Il résulte des dispositions précitées qu’il incombe au président du conseil départemental de s’assurer que les conditions d’accueil garantissent la sécurité, la santé et l’épanouissement des enfants accueillis et de procéder au retrait de l’agrément si ces conditions ne sont plus remplies. A cette fin, dans l’hypothèse où il est informé de suspicions de comportements susceptibles de compromettre la santé, la sécurité ou l’épanouissement d’un enfant, notamment de suspicions de mauvais traitements, de la part du bénéficiaire de l’agrément ou de son entourage, il lui appartient de tenir compte de tous les éléments portés à la connaissance des services compétents du département ou recueillis par eux et de déterminer si ces éléments sont suffisamment établis pour lui permettre raisonnablement de penser que l’enfant est victime des comportements en cause ou risque de l’être. Il peut en outre, si la première appréciation de ces éléments révèle une situation d’urgence, procéder à la suspension de l’agrément.
Sur les conclusions à fin d’annulation de la décision du 12 octobre 2023 de suspension de l’agrément d’assistante maternelle :
En premier lieu, la décision du 12 octobre 2023 de suspension de l’agrément d’assistante maternelle a été signée par M. E… A…, directeur de la petite enfance, de l’enfance et de la famille du département de la Manche, qui disposait d’une délégation à cet effet en vertu d’un arrêté du président du conseil départemental de la Manche du 26 septembre 2023, régulièrement publié le 27 septembre 2023. Il suit de là que le moyen tiré de l’incompétence du signataire de la décision attaquée manque en fait et doit être écarté.

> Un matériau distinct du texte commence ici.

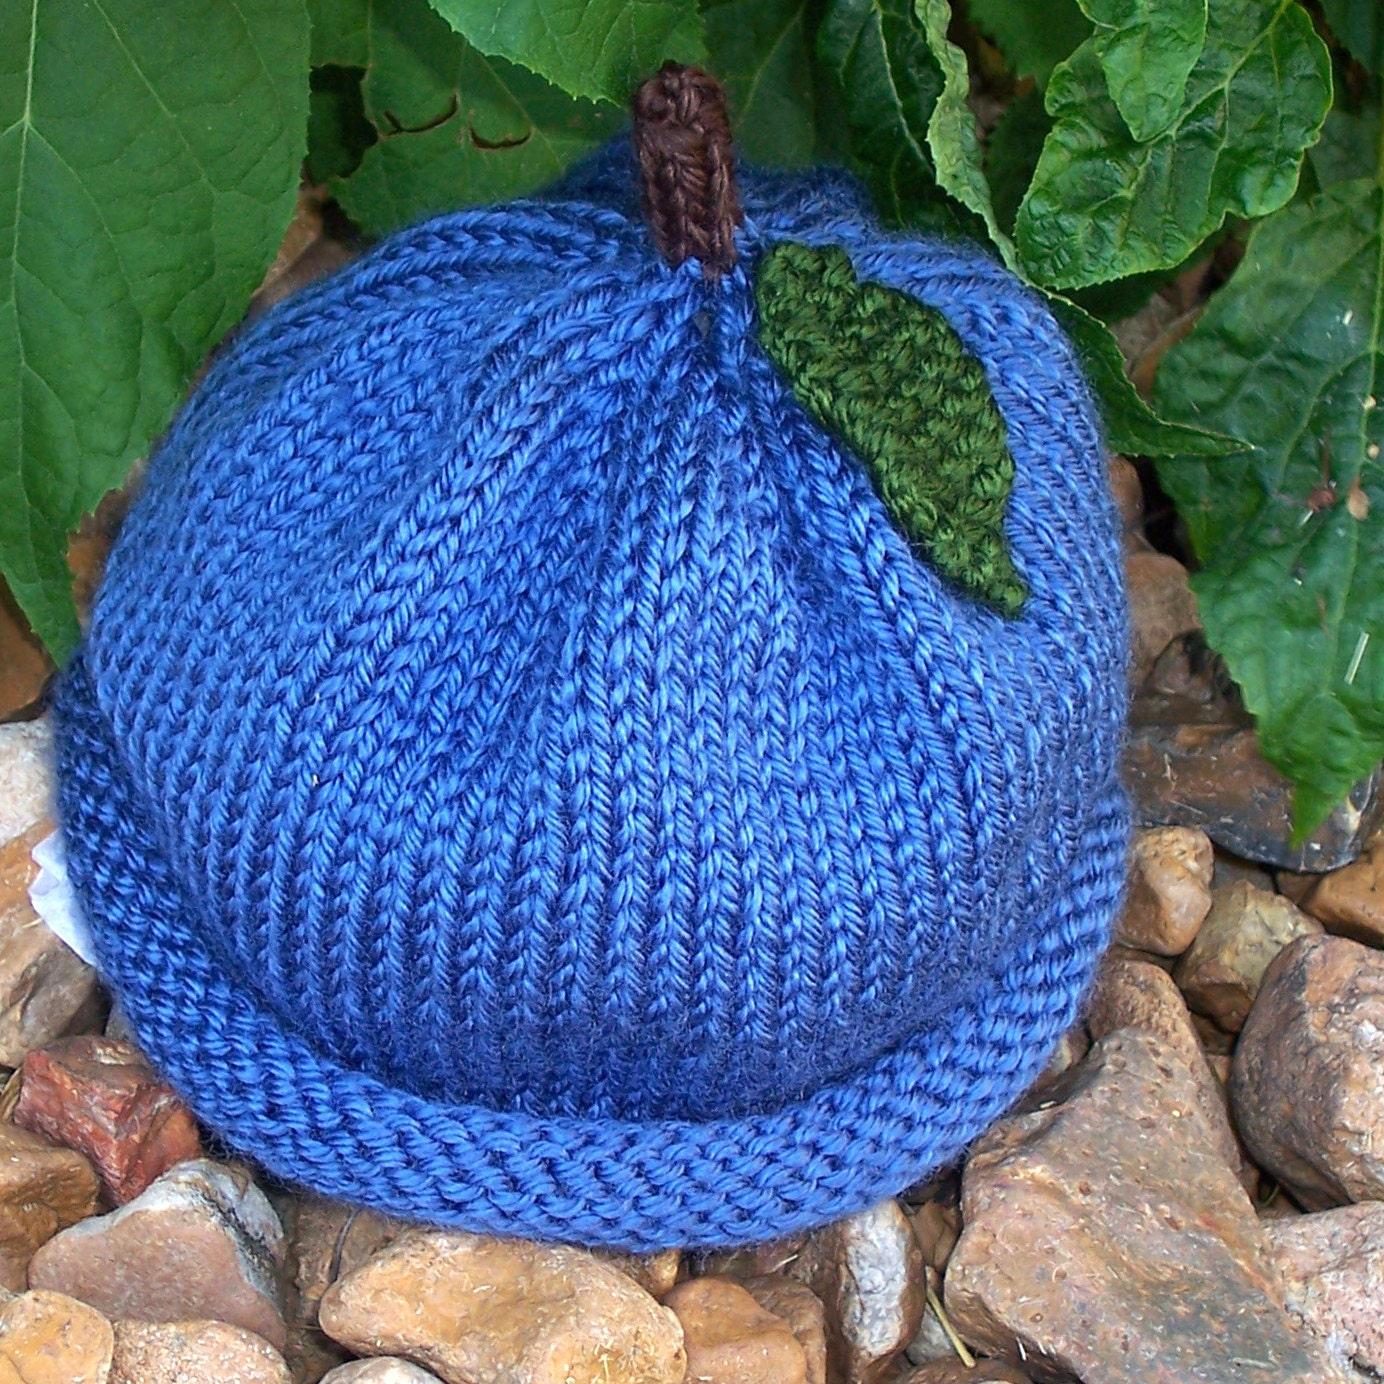 PATTERN Blueberry Knit Baby Hat

En second lieu, d’une part, il résulte des dispositions des articles L. 421-3 et L. 421-6 du code de l’action sociale et des familles que le président du conseil départemental, auquel il incombe de s’assurer que les conditions d’accueil garantissent la sécurité, la santé et l’épanouissement des enfants accueillis, peut, en cas d’urgence, suspendre l’agrément nécessaire pour exercer la profession d’assistant maternel ou d’assistant familial, en se fondant sur des éléments suffisamment précis et vraisemblables, permettant de suspecter que les conditions d’accueil garantissant la sécurité, la santé et l’épanouissement du ou des enfants accueillis ne sont plus remplies. Une mesure de suspension d’agrément peut ainsi être prononcée lorsque les faits imputés au bénéficiaire de l’agrément ou à son entourage, relatifs à des comportements susceptibles de compromettre la santé, la sécurité ou l’épanouissement de l’enfant, présentent, eu égard aux éléments en possession de l’administration à la date de la mesure de suspension, un caractère suffisant de vraisemblance et de gravité et sont susceptibles de révéler une situation d’urgence. A cette fin, il appartient au président du conseil départemental de tenir compte de tous les éléments portés à la connaissance des services compétents du département ou recueillis par eux et de déterminer si ces éléments sont suffisamment établis pour lui permettre raisonnablement de penser que l’enfant est victime des comportements en cause ou risque de l’être, et il incombe aux services départementaux de faire les diligences nécessaires pour porter une appréciation sur la réalité du risque présenté par le milieu de garde avant que le président du conseil général ne prenne une décision de suspension d’agrément.
D’autre part, la décision par laquelle l’autorité administrative prononce la suspension de l’agrément d’un assistant maternel ou familial constitue une mesure de police administrative prise dans l’intérêt des enfants accueillis. Elle n’est légale que si elle est nécessaire au regard de la situation de fait existant à la date à laquelle elle a été prise, éclairée au besoin par des éléments d’informations connus ultérieurement. Toutefois, lorsqu’il ressort d’éléments sérieux portés à sa connaissance qu’il existe un danger à la fois grave et imminent exigeant une intervention urgente qui ne peut être différée, l’autorité compétente ne commet pas d’illégalité en prenant les mesures qui paraissent nécessaires au vu des informations dont elle dispose à la date de sa décision.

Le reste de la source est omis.